Minimum detectable effect (MDE)

The distribution of minimum detectable effects at 90% power is plotted below with a mean of 11.3% and a median of 6% lift.

Distribution of minimum detectable effects
Distribution of minimum detectable effects

Two thirds of all tests had a minimum detectable effect below 10% lift, which is significantly more than the roughly one quarter of tests with such parameters in the previous meta analysis [1]. The median of 6% means that half of tests had an MDE below 6% relative lift. It is probably an effect of both the guidance of the wizard and the experience of the practitioners using the tool. There is the obvious difficulty of untangling the two with just the data at hand.

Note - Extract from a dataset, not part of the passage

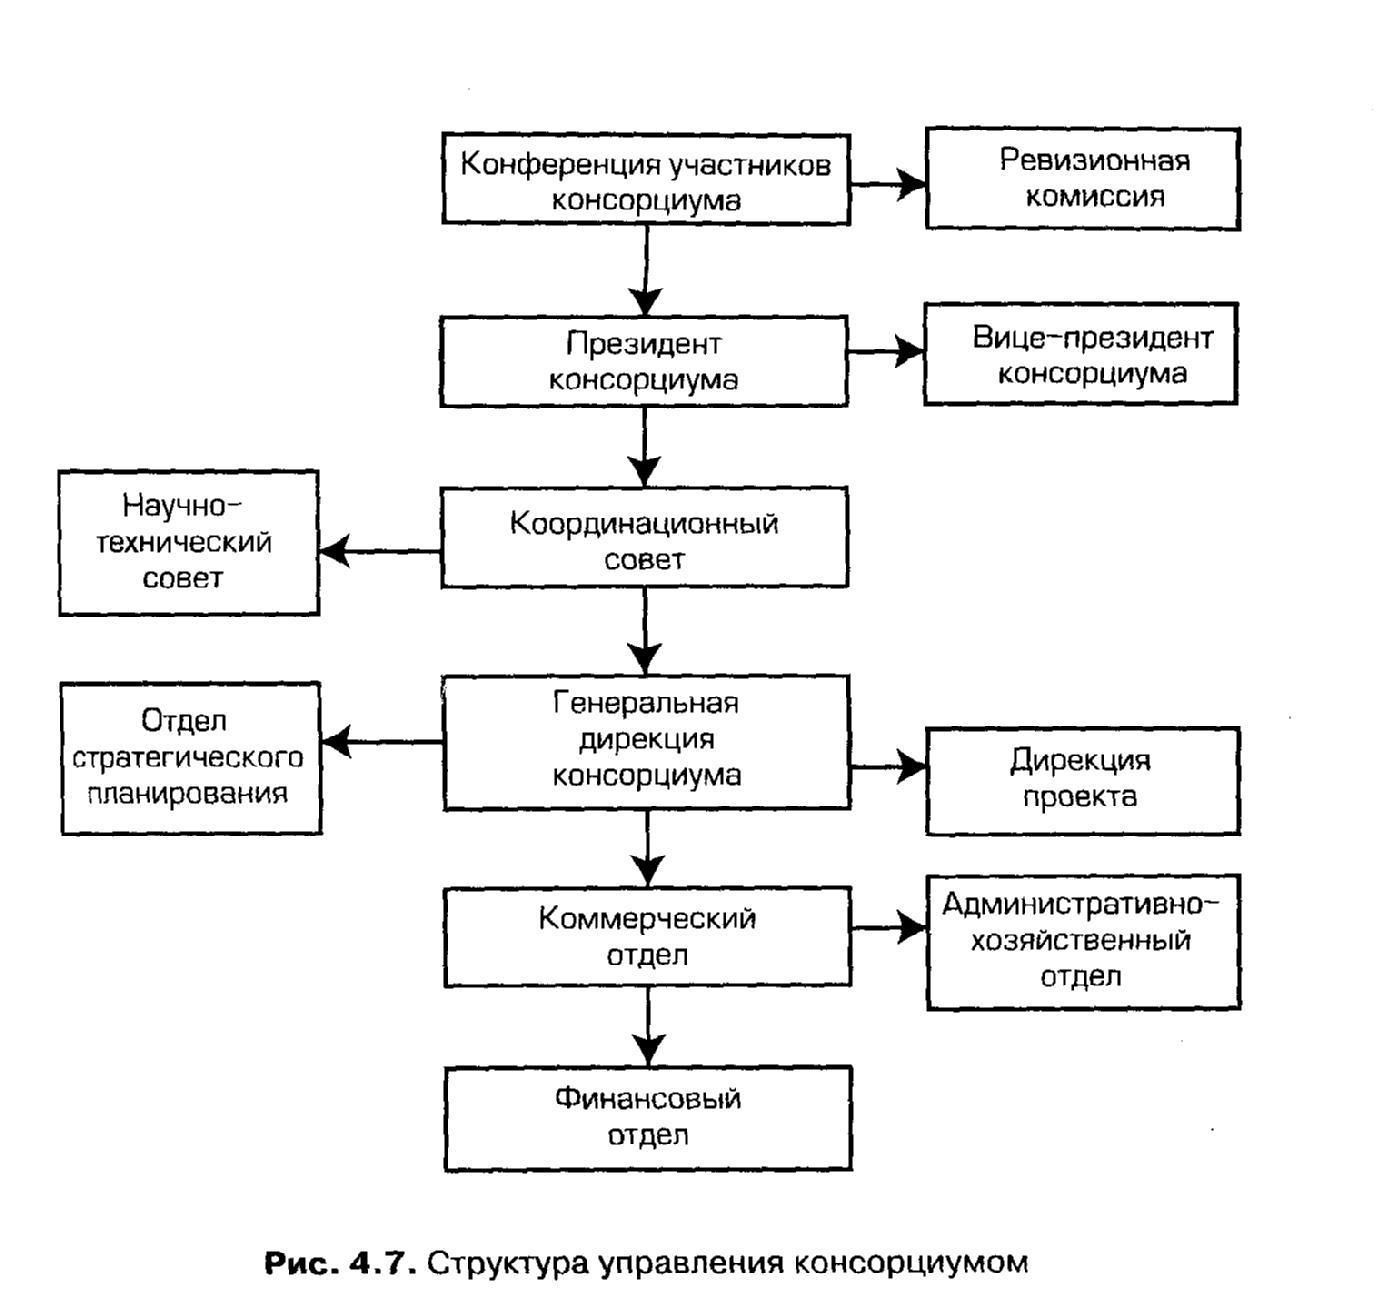 Структура управления консорциумом

The above numbers can be interpreted as tentatively supporting the conclusion that at least some of the unrealistic MDEs observed in the 2018 meta analysis [1] were linked to unaccounted peeking.

In any case, these are highly encouraging numbers, especially in light of findings in the following section.

Outcome statistics

Lift estimates are the simple unbiased maximum likelihood estimator for fixed-sample tests, and a bias-reduced maximum likelihood estimator for sequential tests.

Percentage of positive outcomes

About 33.5% of all A/B tests have a statistically significant outcome in which a variant outperformed the control. This is higher than the 27% observed in the previous meta analysis [1], and in the upper range of industry averages reported in an overview by Kohavi, Tang, and Xu (2020), page 112 [2]. Given that there is no outcome bias in the inclusion criteria for this meta analysis, this number can be viewed as evidence for the relatively higher quality of the tested ideas and their implementation (a.k.a. interventions).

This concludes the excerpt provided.